Opponents complain about clean energy credits, but do not complain about subsidies to oil and coal companies. Opponents complain about child tax credits and earned income credits but do not object to corporations writing-off obscene stock grants to CEOs. Opponents complain about free meals for school children but do not object to corporations writing-off $1,000 lunches when executives entertain clients at fancy restaurants. You get the drift. Pick a provision of the reconciliation package and you can find a similar but more expensive benefit granted to corporations in the current tax code. Joe Biden is investing in the American people rather than corporations. If that is “radically reshaping our society,” we need more of it, not less.

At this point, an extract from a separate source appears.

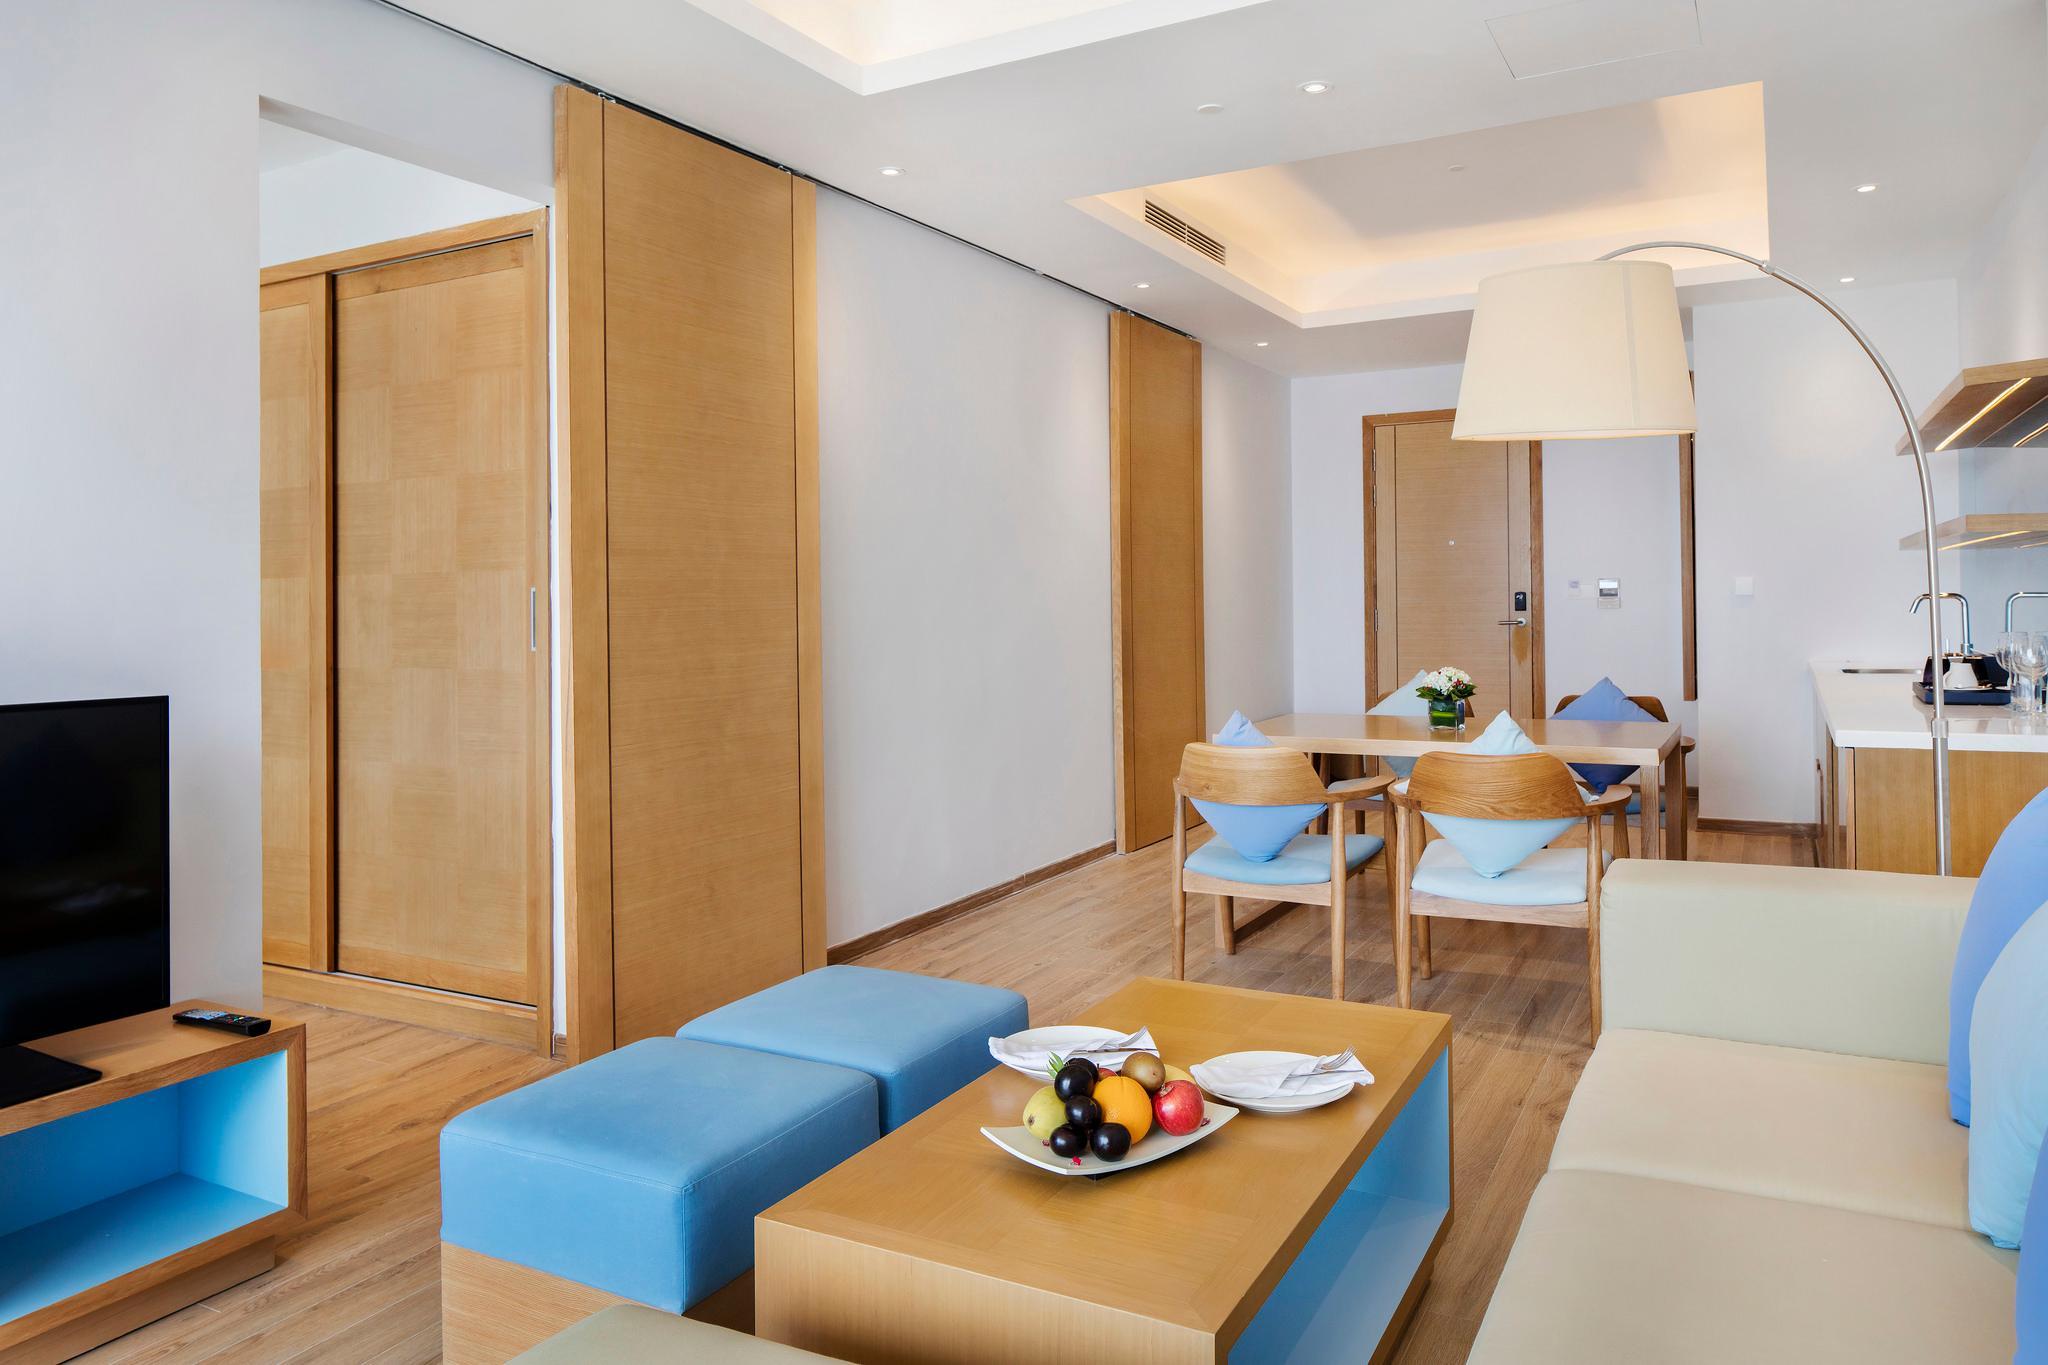 FLC Luxury Hotel Quy Nhơn   Quy Nhơn (Bình Định) ƯU ĐÃI CẬP NHẬT NĂM 2020  1407245 ₫, Ảnh HD & Nhận Xét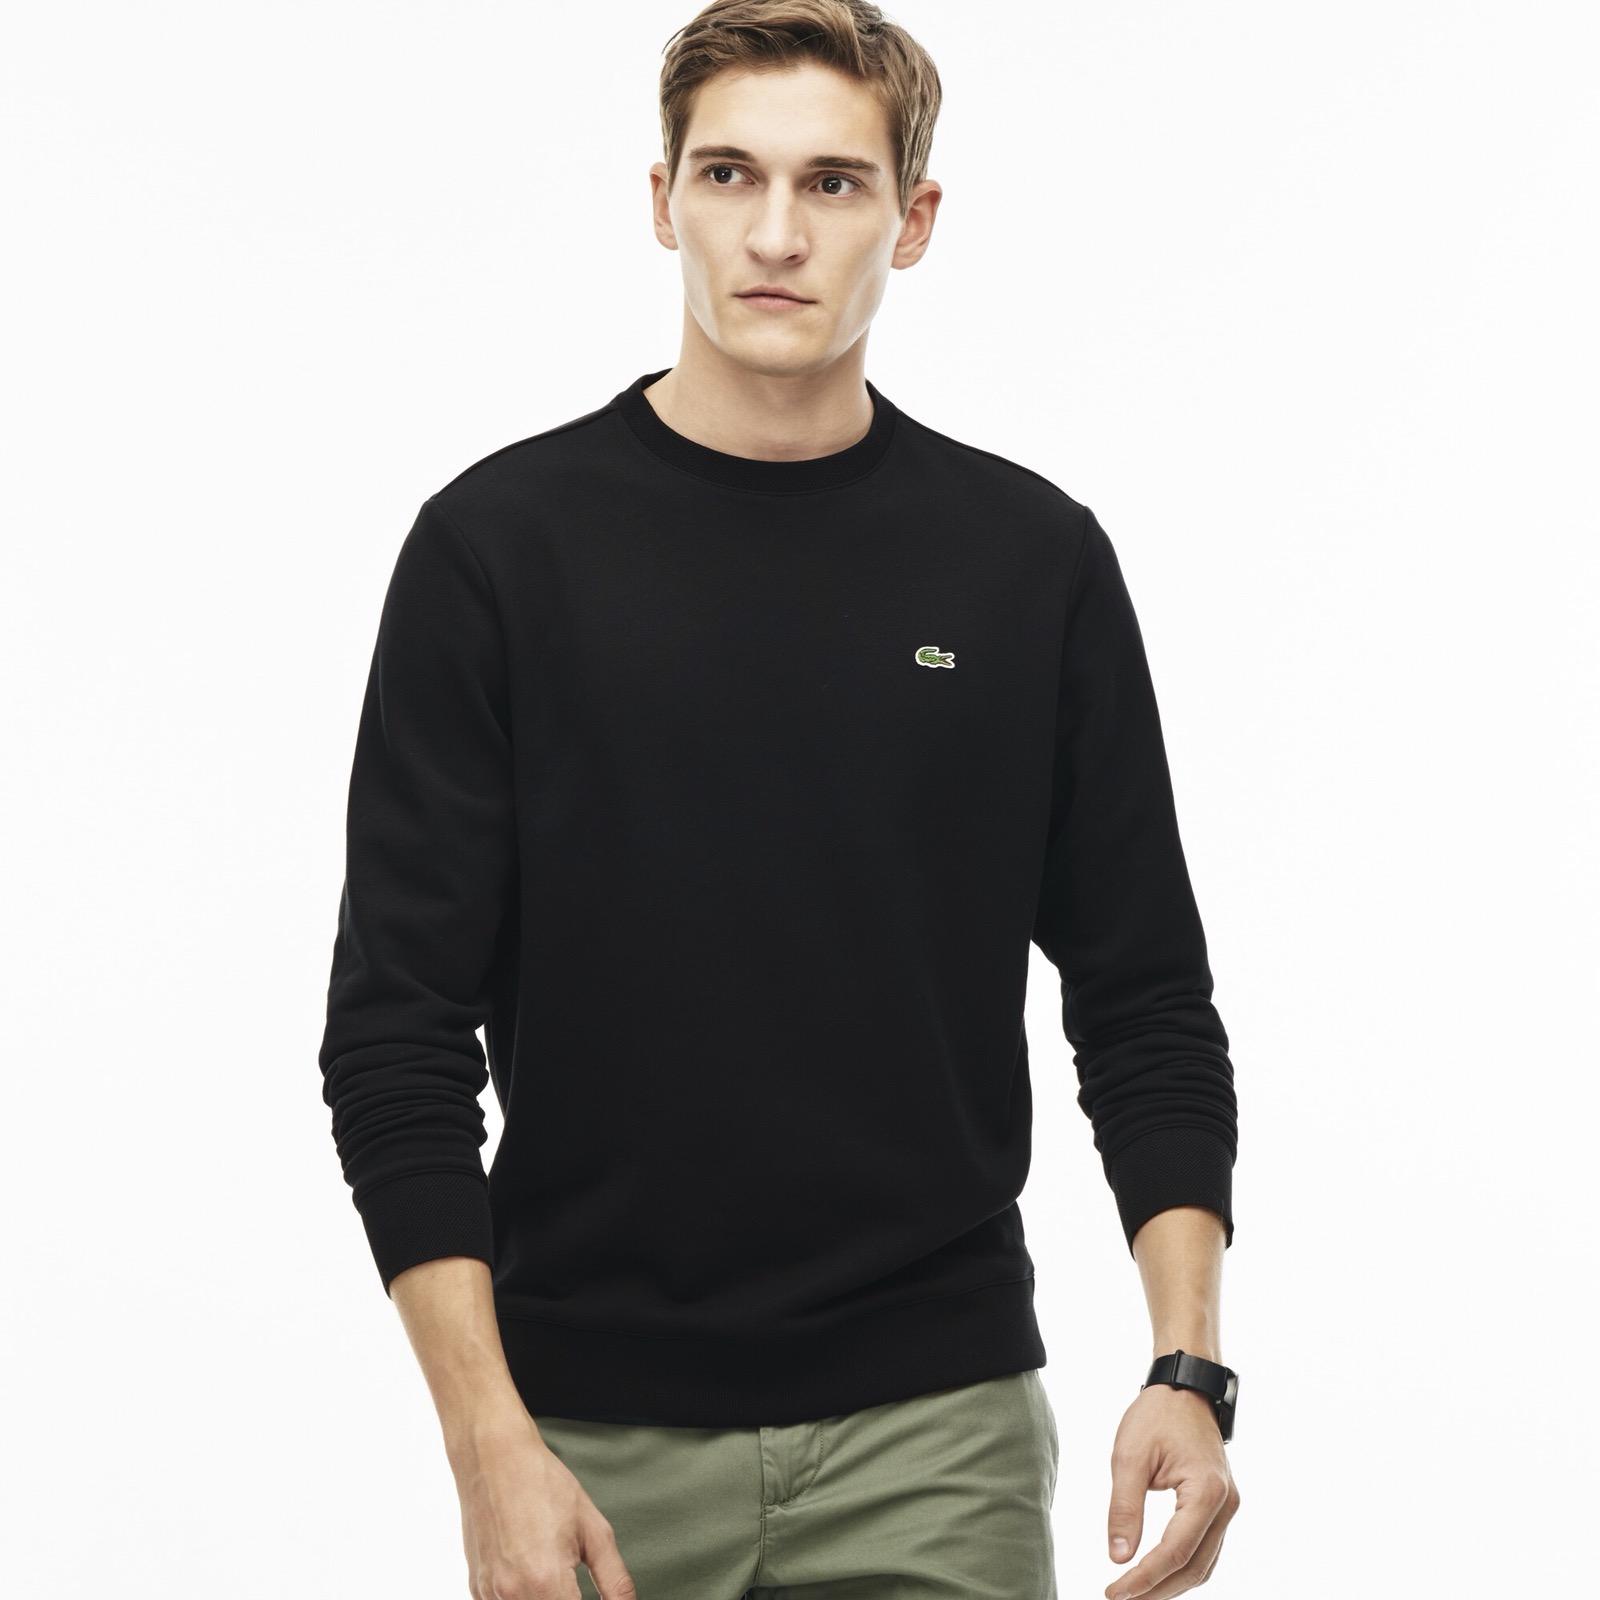 b599c0fce1af Lacoste Men Lacoste Sweater Size l - Sweaters   Knitwear for Sale ...

Finally, Senator Manchin’s effort to draw a line in the sand at a particular dollar amount is silly. It is designed to be a talking point easily repeated on Fox News. The cost of the reconciliation package is funded by re-capturing the tax cuts gifted by Trump to corporations and the super-wealthy. (A small portion is predicted to be paid for by increased tax revenue from increased economic activity.) If paying for new programs by providing for new tax revenue is “too liberal,” then we need more of it, not less.
If we are lucky, the drama will continue through the weekend. It means that Biden, Pelosi, and Schumer have not given up on passing both bills. Good for them. It may continue to be painful and infuriating to watch, but we don’t have to focus on every news alert. I summarized the developments of Thursday in six sentences in the introduction to this newsletter. If the frantic pace of the wild developments is too much to stomach (another common refrain today), then check-in once a day. Otherwise, try to take a break over the weekend. Whatever happens, we have elections to win in 2022 and 2024. Let’s get to work—after a well-deserved weekend!
Talk to you Monday!
Post-script: The status of the fire threatening our cabin remains unchanged. It is waxing and waning with the weather, slowly backing down towards the Mineral King Road, which is the firebreak of last resort. CalFire is hard at work to ensure that the fire does not jump the MK Road.